Aiming at the requirements of analysis and measurement of the interference characteristics of the complex flow field shock wave boundary layer, the invention carries out all-round observation and analysis of the wave system structure, flow state change, full-field dynamic pressure change and other unsteady characteristics of the complex flow field shock wave boundary layer interference by carrying out optical visual design and processing on the model and combining with an advanced flow test technology, makes up the defects of numerical simulation and conventional wind tunnel test, forms the visual test capability of the complex flow field of the model, and provides a principle test basis for design, flow control and improvement of airfoils, cascade and air inlet channels. Fig. 1 is a schematic diagram of the present invention.

In order to analyze the interference characteristic of a shock wave boundary layer, the invention provides a method based on pressure-sensitive paint and a full-field time sequence pressure distribution modal decomposition technology, which is an efficient order reduction method for large-area pressure distribution. After the pressure field image is decomposed by the modal decomposition method, the position where pressure pulsation occurs, the wave system structure characteristics and the strength are obtained, the method for researching the aerodynamic characteristics of the air inlet channel can be obtained, the flow field display technology of unsteady aerodynamic loads of the flow field can be mastered, and a typical shock wave boundary layer interference characteristic unsteady aerodynamic load database is supplemented.

The method of the invention needs the following preparation conditions: firstly, preparing a scaled frame type test model of an air inlet with three visible transparent windows, dividing a main structure of the air inlet into a plurality of blocks, establishing a scaled test model for each block, and splicing the scaled test models to form the scaled frame type test model.

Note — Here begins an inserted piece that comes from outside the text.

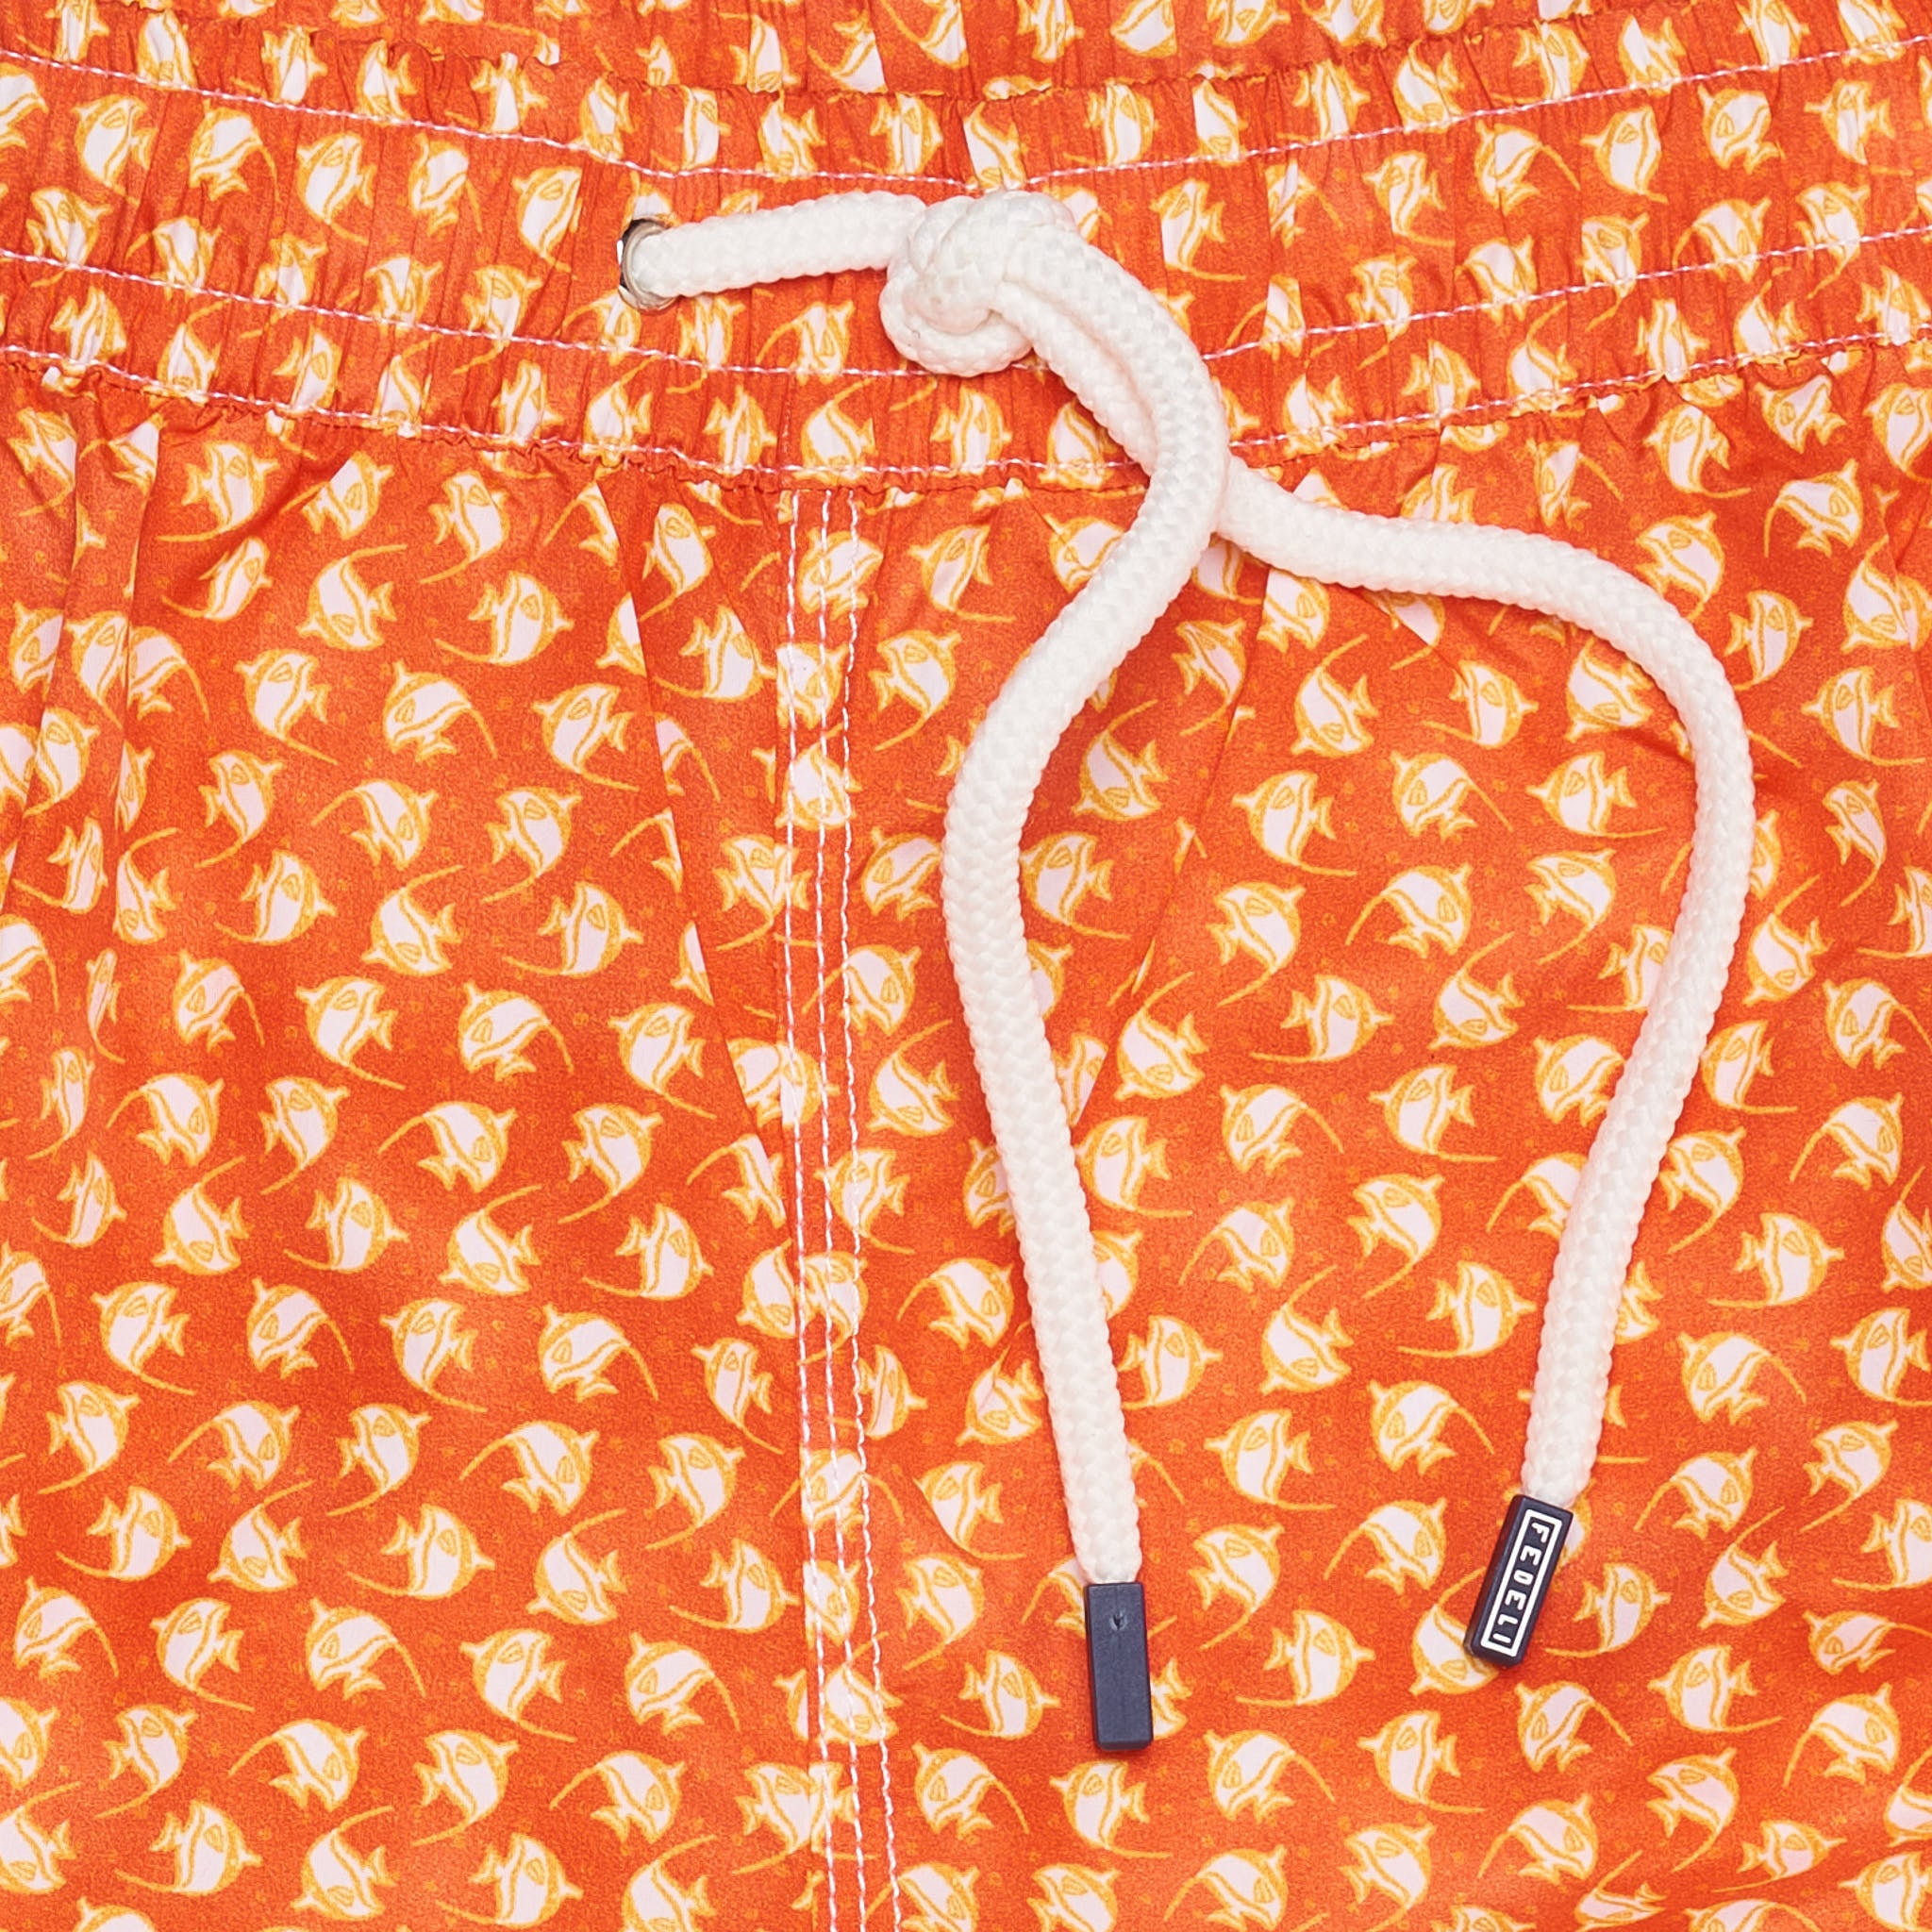 FEDELI Italy Orange Fish Printed Madeira Airstop Swim Shorts Trunks NEW 2XL FEDELI

Spraying pressure-sensitive paint on a bottom area to be measured of the air inlet scaled frame type test model, installing the sprayed scaled frame type test model in a wind tunnel test section, carrying out flow field measurement through test equipment and a wind tunnel, shooting flow field particle images and schlieren results through a side window, measuring a bottom surface luminous image through the top, and finally obtaining the internal flow characteristics such as the overall pressure distribution of the inner surface of the air inlet, the speed field information of the internal flow field, the wave system structure, the flow state change of laminar turbulent flow, the thickness of a boundary layer, the three-dimensional wall effect of a shock wave boundary layer, the distribution of surface eddy approximate friction lines and the like.

As shown in fig. 2, the specific steps are as follows:

(1) designing a scaled frame type test model: a scaled frame type test model is designed for an engine air inlet according to a wind tunnel test simulation similarity criterion, the test model is reasonably simplified, and the measurement requirements of three non-contact flow display technologies, namely PSP, PIV and schlieren, are met. And designing optical windows on three sides of a region to be measured of the scaled frame type test model. The optical window has good transmittance for the wavelength of the excitation light source and the wavelength of the excited radiation light, and the optical window is as thick as possible so as to reduce the influence caused by optical distortion.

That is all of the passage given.